ICE Data Reveals That Equity Withdrawals Hit 2yr High In Q3, Could See Boost As Fed Cuts Rates
Intercontinental Exchange, Inc. (NYSE:ICE), a global provider of technology and data, released its November 2024 ICE Mortgage Monitor Report, based on the company’s robust mortgage, real estate and public records data sets. Here’s what it found:
This month’s Mortgage Monitor dives deep into ICE’s latest Q3 2024 homeowner equity data, reporting on both quarterly and annual growth in mortgage holders’ housing wealth. Though 30-year interest rates remain volatile, recent and anticipated short-term rate cuts by the Federal Reserve have the potential to positively impact equity-based lending. As Andy Walden, ICE Vice President of Research and Analysis explains, though the cost to borrow against a homeowner’s equity is notably higher than prior to the Fed’s most recent tightening cycle, this dynamic is poised to change in the year ahead.
“While growth in total mortgage holder equity is slowing along with home prices, Q3’s $17.2T, up 5% from last year, represents another seasonally adjusted record high,” said Walden. “Of that total, $11.2T is available to homeowners with mortgages to borrow against while maintaining a 20% equity stake in their homes. On average, that works out to roughly $207K in tappable equity per homeowner. And we did see a bump in equity withdrawals in Q3, with cash-out refi extractions rising on what had been downwardly trending 30-year rates and second-lien home equity products getting a boost from rate cuts late in the quarter.”
In total, U.S. mortgage holders withdrew $48B of home equity in the third quarter. This was the largest such equity withdrawal volume in the two years since the Federal reserve first initiated their latest tightening cycle. Both the $27B equity withdrawn via second lien products and the $21B withdrawn via cash-out refinances also marked their own individual two-year highs in Q3. Still, homeowners remain historically reluctant to borrow against their home equity. Just 0.42% of available tappable equity was withdrawn in Q3 2024, well below the 0.92% average extraction rate in the decade preceding the latest round of Fed increases.
“Despite a two-year high for equity withdrawals in the third quarter, homeowners are still tapping their housing wealth at less than half the rate they have historically,” Walden added. “Second lien withdrawal rates are currently running more than a quarter below ‘normal’ and cash-out refi withdrawals are still down almost 70%. Over the past 10 quarters homeowners have extracted $476B in equity, exactly half the extraction we’d expect to see under more normal circumstances. That equates to nearly a half a trillion untapped dollars that hasn’t flowed back through the broader economy.”

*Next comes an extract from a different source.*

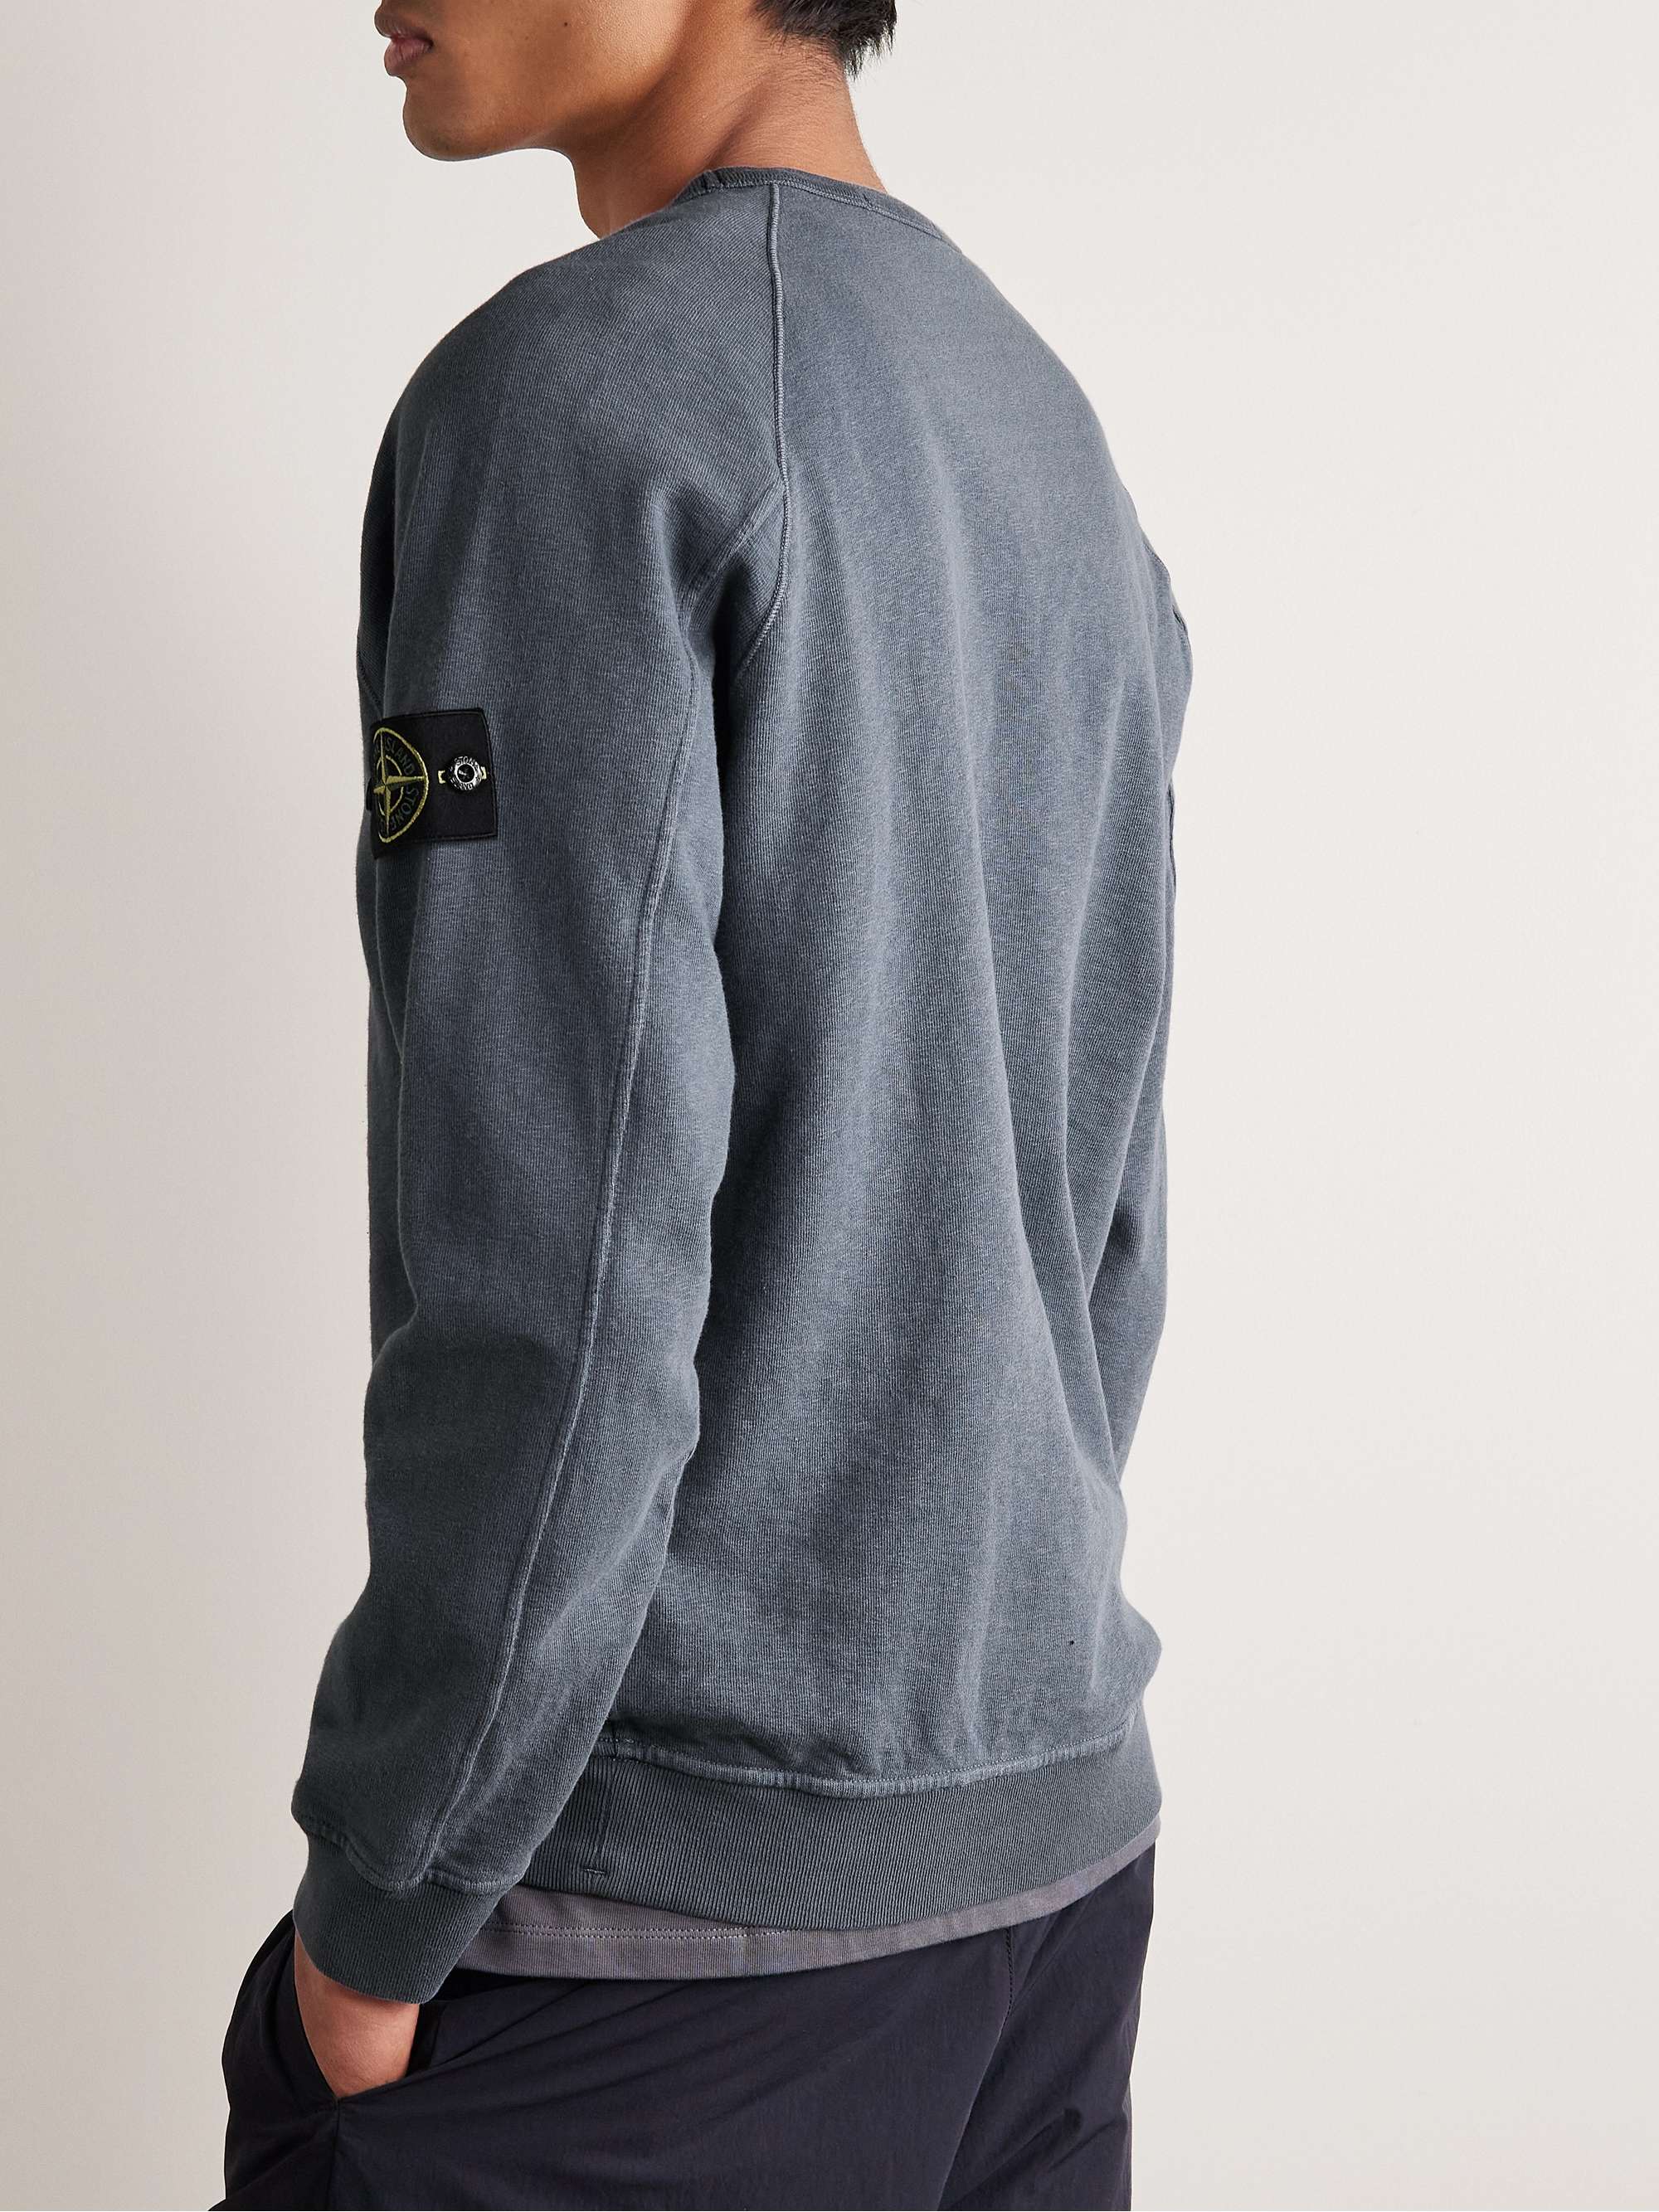 STONE ISLAND Logo-Appliquéd Garment-Dyed Cotton-Jersey Sweatshirt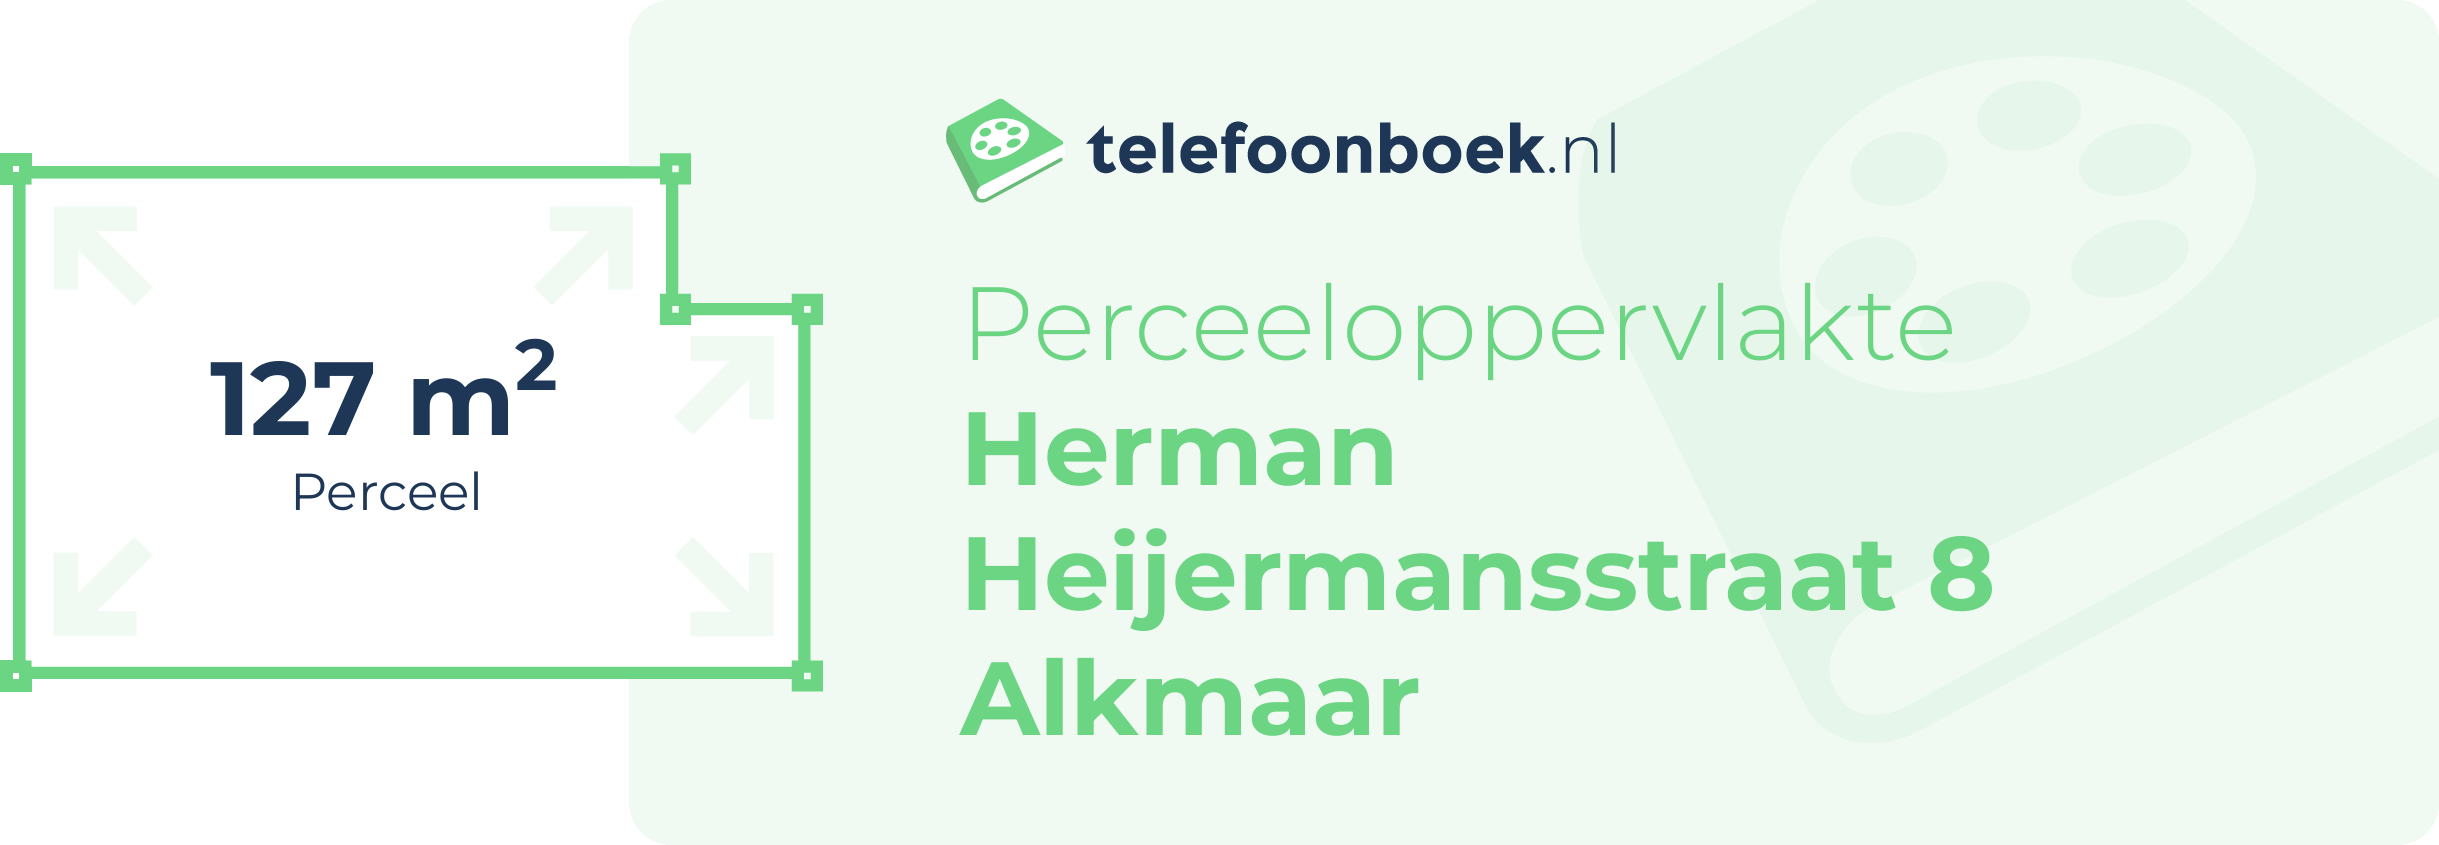 Perceeloppervlakte Herman Heijermansstraat 8 Alkmaar

Elevated interest rates have been a deterrent to homeowner equity utilization in recent quarters, as 30-year mortgage rates climbed at times into the high 7% range, curtailing cash-out refinance activity, and the average introductory rate on second lien home equity lines of credit (HELOCs) rose above 9.5%. However, the Federal Reserve recently began to cut short term interest rates, to which HELOC rates are closely pegged, with additional cuts expected on the horizon. As Walden points out, this could make equity withdrawals both more affordable and more attractive.
“Since the Fed began its latest cycle of rate hikes, the monthly payment needed to withdraw $50K via a HELOC more than doubled, from as low as $167 per month back in March 2022 to $413 in January of this year,” Walden said. “The market’s currently pricing in another 1.5 percentage points of cuts through the end of next year. If that comes to fruition, and current spreads hold, it’ll have positive implications for both new equity lending as well as for consumers with existing HELOCs, with the payment on a $50K withdrawal falling back down below $300 per month. While still notably above the 20-year average of $210, that represents a more than 25% reduction from recent highs. Given borrowers’ recent sensitivity to even slight rate drops, this could serve to entice additional HELOC utilization, especially with mortgage holders sitting on record stockpiles of equity and locked into their current homes via low first lien rates.”
Based on the latest ICE Mortgage Futures as well as industry consensus forecasts, mortgage rates are not expected to see the full 1.5pp projected Fed rate decline flow through to 30-year offerings, which could tighten the spread between 30-year mortgage and HELOC rates and tip the needle toward equity utilization via HELOCs for a subset of mortgage holders.